常連客に本を薦める柴田哲弥さん(奥)。このときは、好きな版元という筑摩書房の本が多かった=和歌山県新宮市熊野川町九重

 南紀白浜空港から車で1時間半。濃緑の山々の間を北山川沿いに走り、「bookcafe KUJU(ブックカフェ・クジュウ)」にたどり着いた。知る人ぞ知る秘境の書店だ。

 建物は廃校になった旧九重(くじゅう)小学校。壁に貼られた版画、机にいす……卒業生でなくても懐かしくなる。棚には、思想や映画の書籍、リトルプレスやZINE(ジン)と呼ばれる少部数の冊子などが並ぶ。

 店主の柴田哲弥さん(35)は和歌山市出身で、東京の大学院で地域活性化を学んだ。全国の過疎地を巡り、研究より現場での実践に魅力を感じて、2011年4月に移住してきた。

 その年の9月、台風12号による紀伊半島大水害が発生。05年に廃校になっていた校舎は床上2メートルまで浸水。一度は解体が決まったが、ボランティアの学生たちと泥をかき出し壁を貼り替え、被災から約2年後にカフェ、14年5月に京都の有名書店の協力を得て書店の営業を開始。今年から古書も始めた。

 校舎内にはパン店もあり、熊野古道の観光客やキャンプ客、移住者をはじめ、地元の高齢者、若いカップルなどと客層は幅広い。編み物やレシピなど生活に密着した本が人気だが、社会学や哲学の解説書も手に取る人が多い。
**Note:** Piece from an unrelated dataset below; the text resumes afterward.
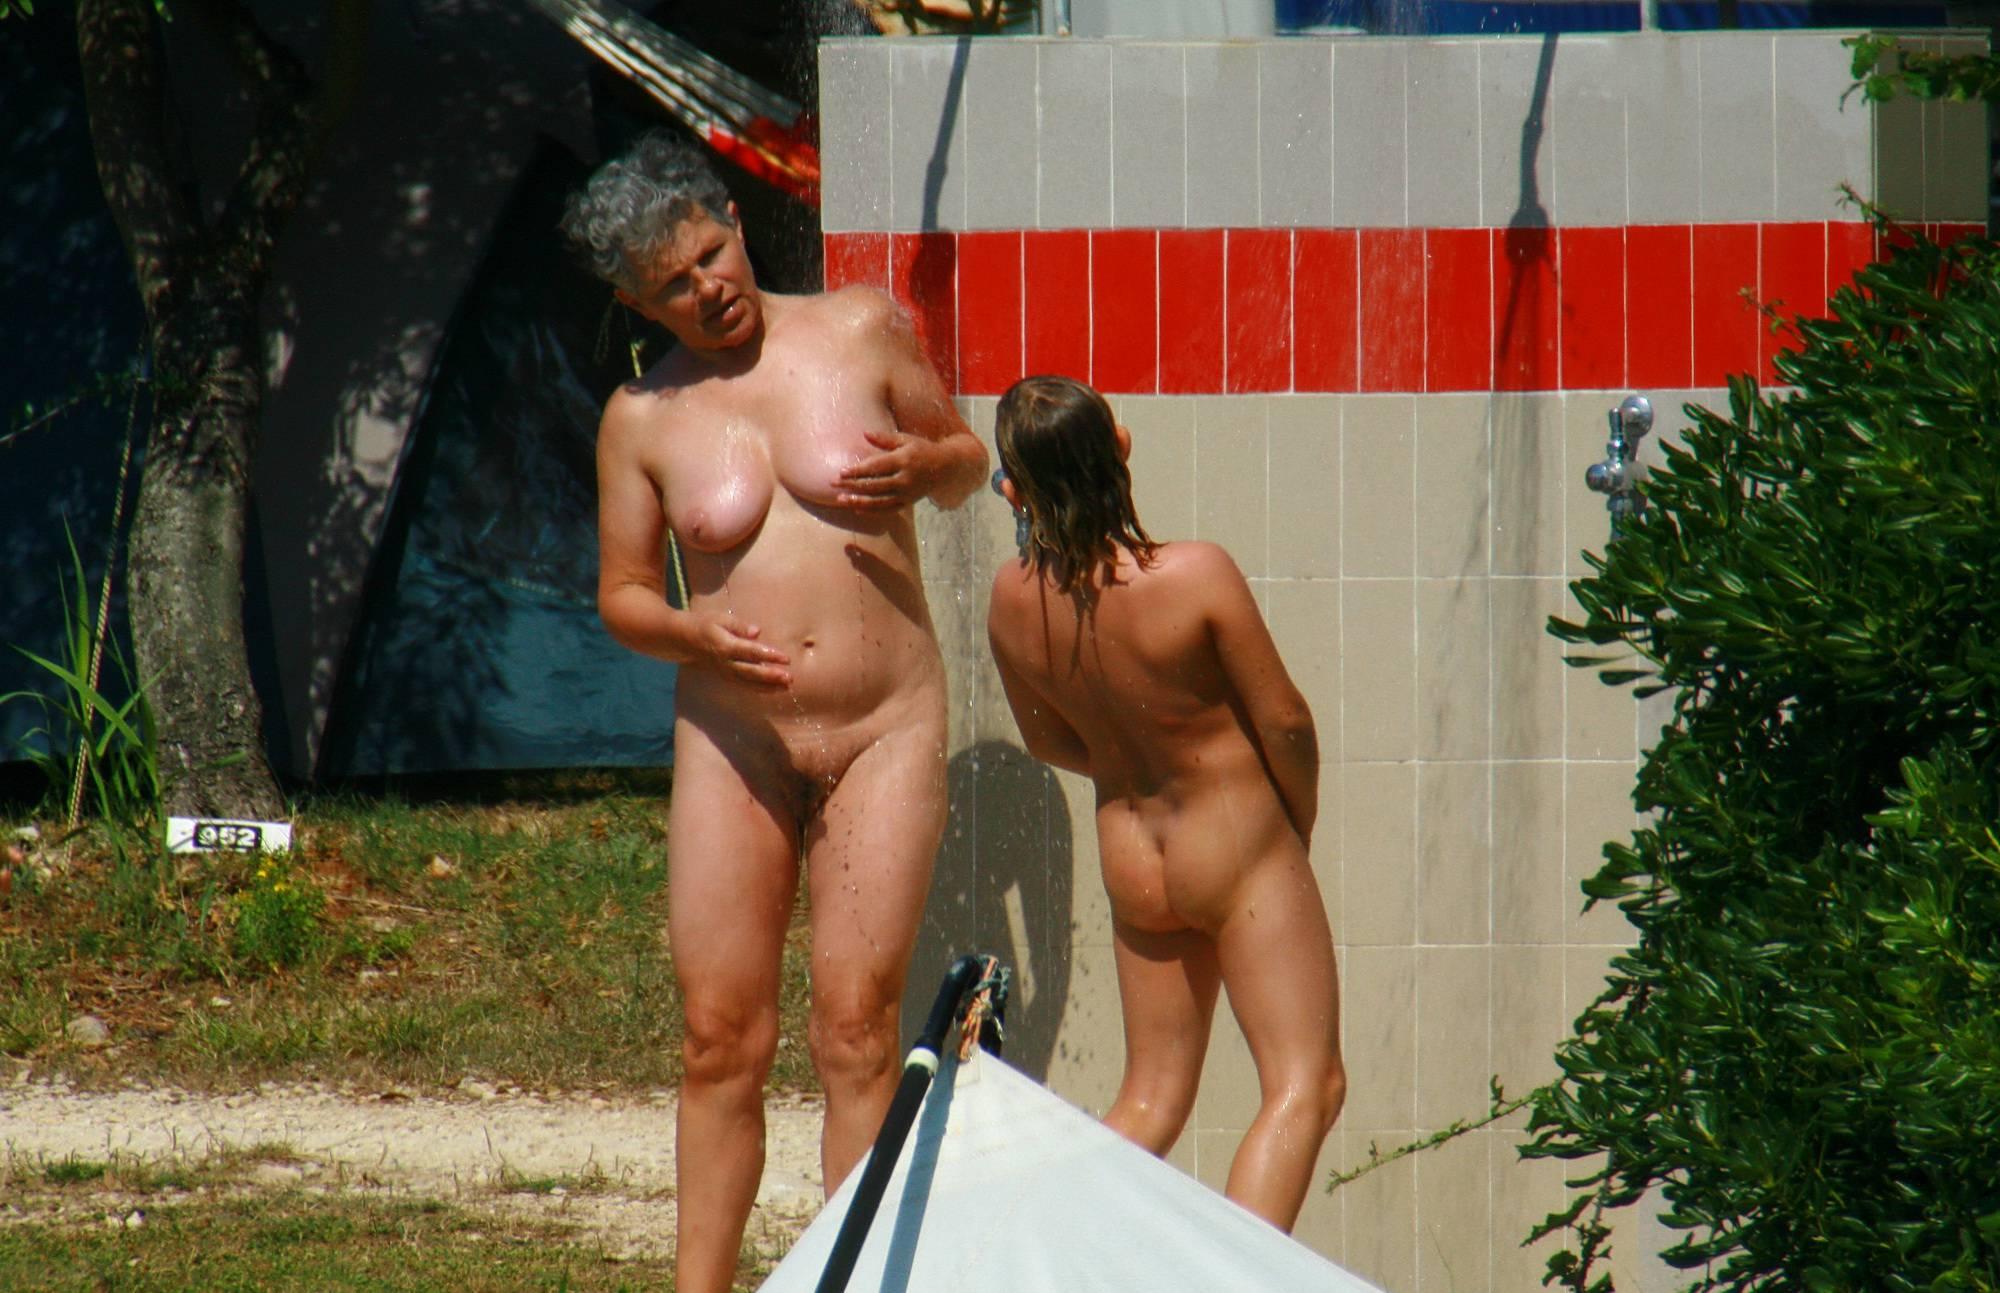 Hot Summer Water Down - 2

 「熊野の自然の中で、コーヒーを飲みながら本を読むのは格別です。わざわざ来てもらう価値はあると思う」。お店に来るのにかかった時間も、読書体験の一部なのだ。(滝沢文那)=朝日新聞2019年10月23日掲載

 ◇売れ筋
 ●『山で暮らす 愉(たの)しみと基本の技術』大内正伸著(農文協) 木の切り方や石垣の積み方などをイラスト、写真入りで解説。移住希望者に加え、地元の人にも人気。
 ●『岡本太郎の宇宙』全5巻 山下裕二、椹木野衣(さわらぎのい)、平野暁臣編(ちくま学芸文庫) 生誕100年を記念して作られた決定的著作集。